[ML] Classification with cilinical data: can we prevent heart failure through data analysis?
About data:
- This analysis includes heart failure clinical records dataset from Kaggle(https://www.kaggle.com/andrewmvd/heart-failure-clinical-data).
- The given CSV file contains such columns below.
- age: age of patients
- anaemia: decrease of red blood cells or hemoglobin (boolean: 0-normal, 1-anaemia)
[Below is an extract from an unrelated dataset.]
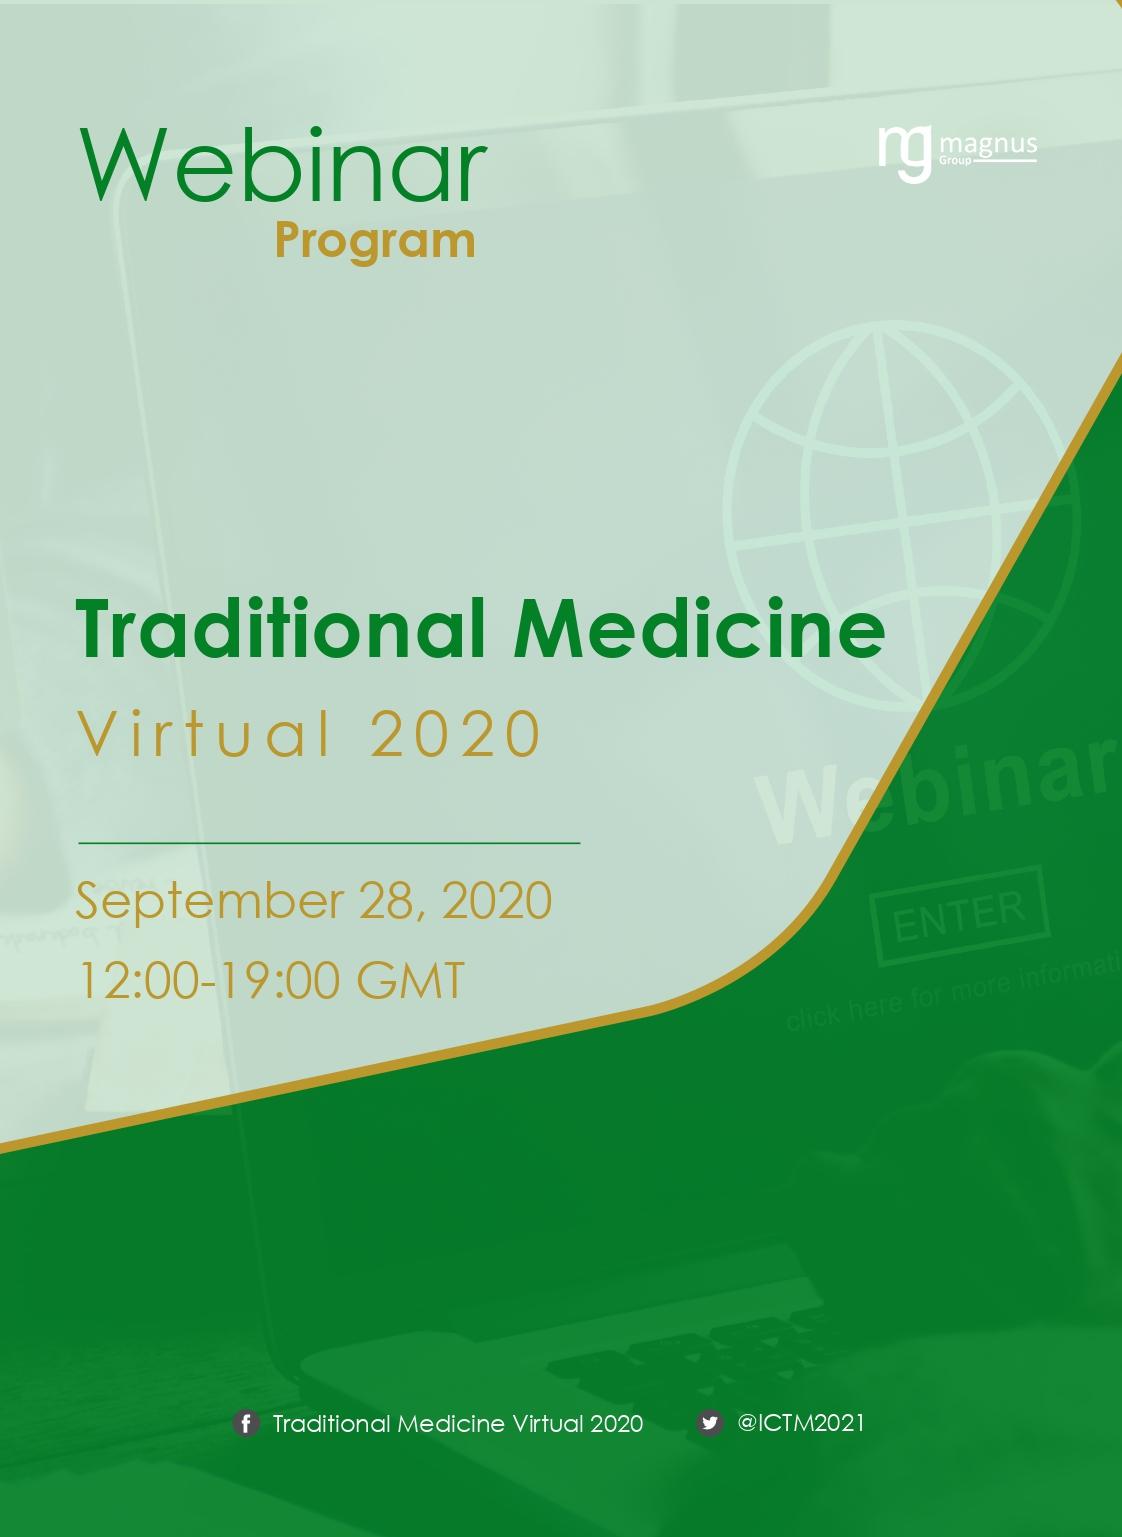 International Webinar on Traditional Medicine, Ethnomedicine and Natural Therapies   Online Event Program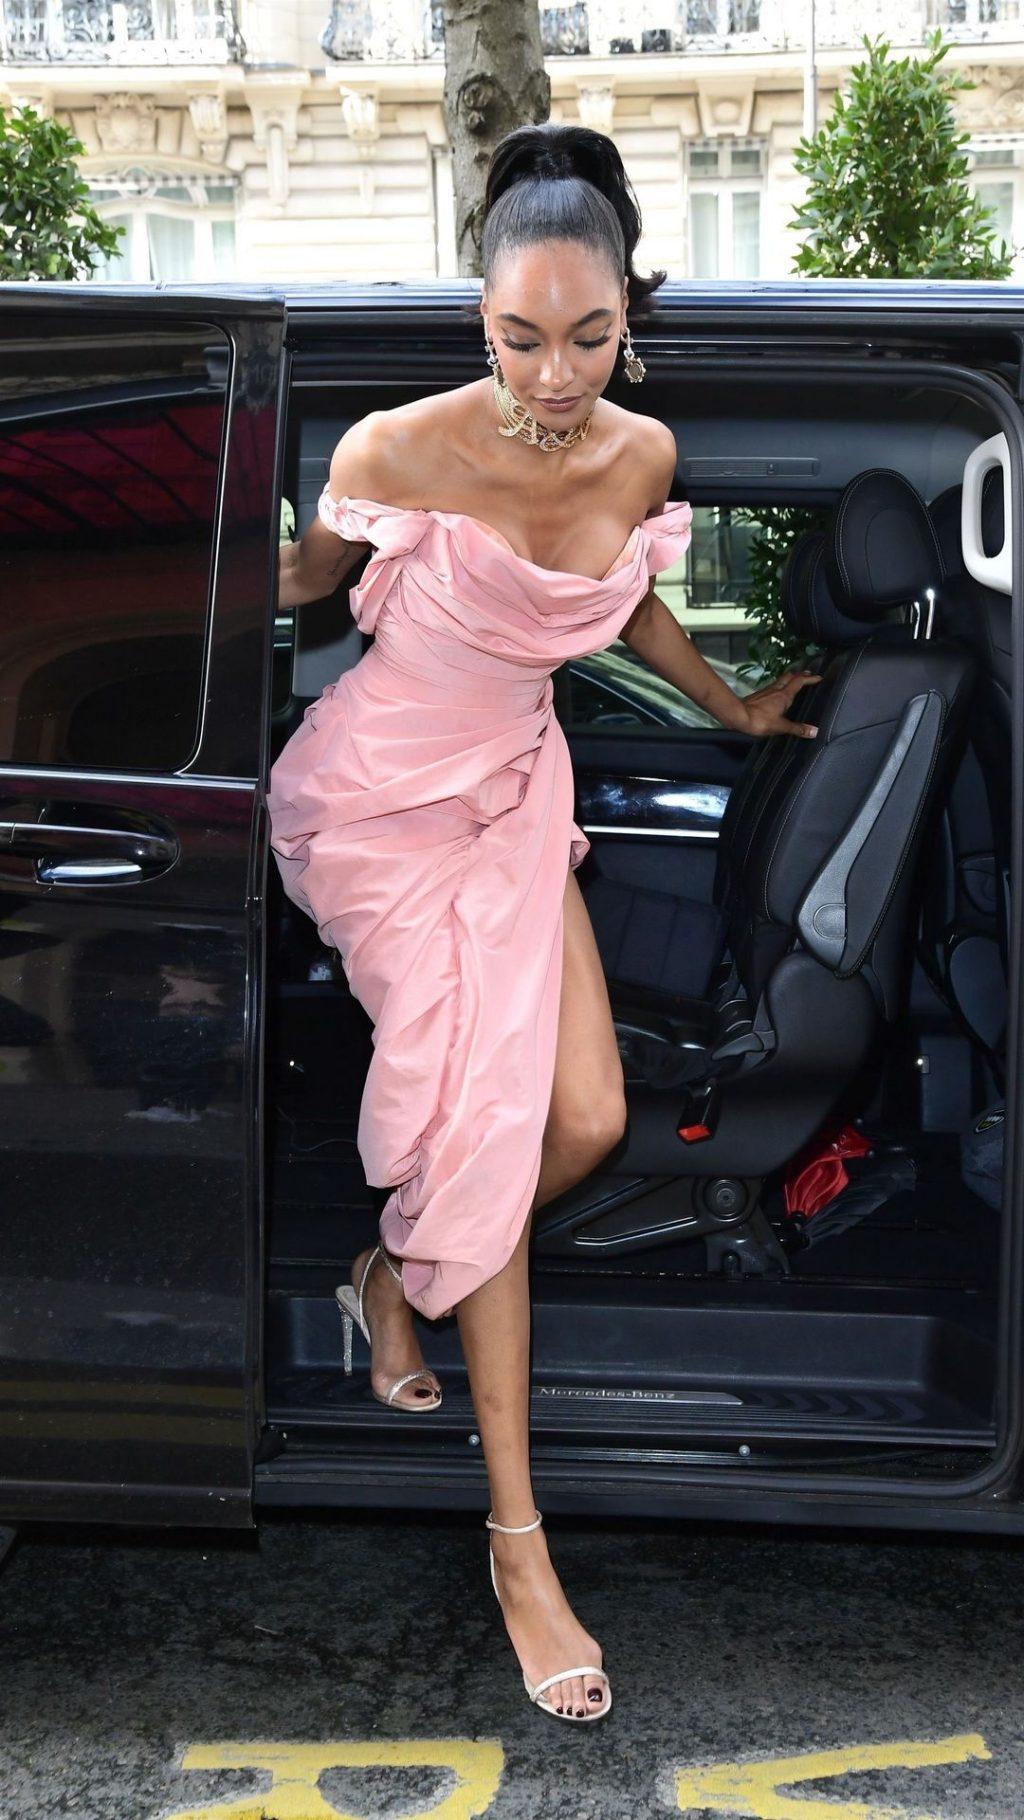 Jourdan Dunn Shows Her Cleavage at the Royal Monceau Hotel During Paris Fashion Week (7 Photos)

- creatinine_phosphokinase: level of the CPK enzyme in the blood (mcg/L)
- diabetes: if the patient has diabetes (boolean: 0-normal, 1-diabetes)
- ejection_fraction: percentage of blood leaving the heart at each contraction (percentage: %)
- high_blood_pressure: If the patient has hypertension (boolean: 0-normal, 1-high blood pressure)
- platelets: platelets in the blood (kiloplatelets/mL)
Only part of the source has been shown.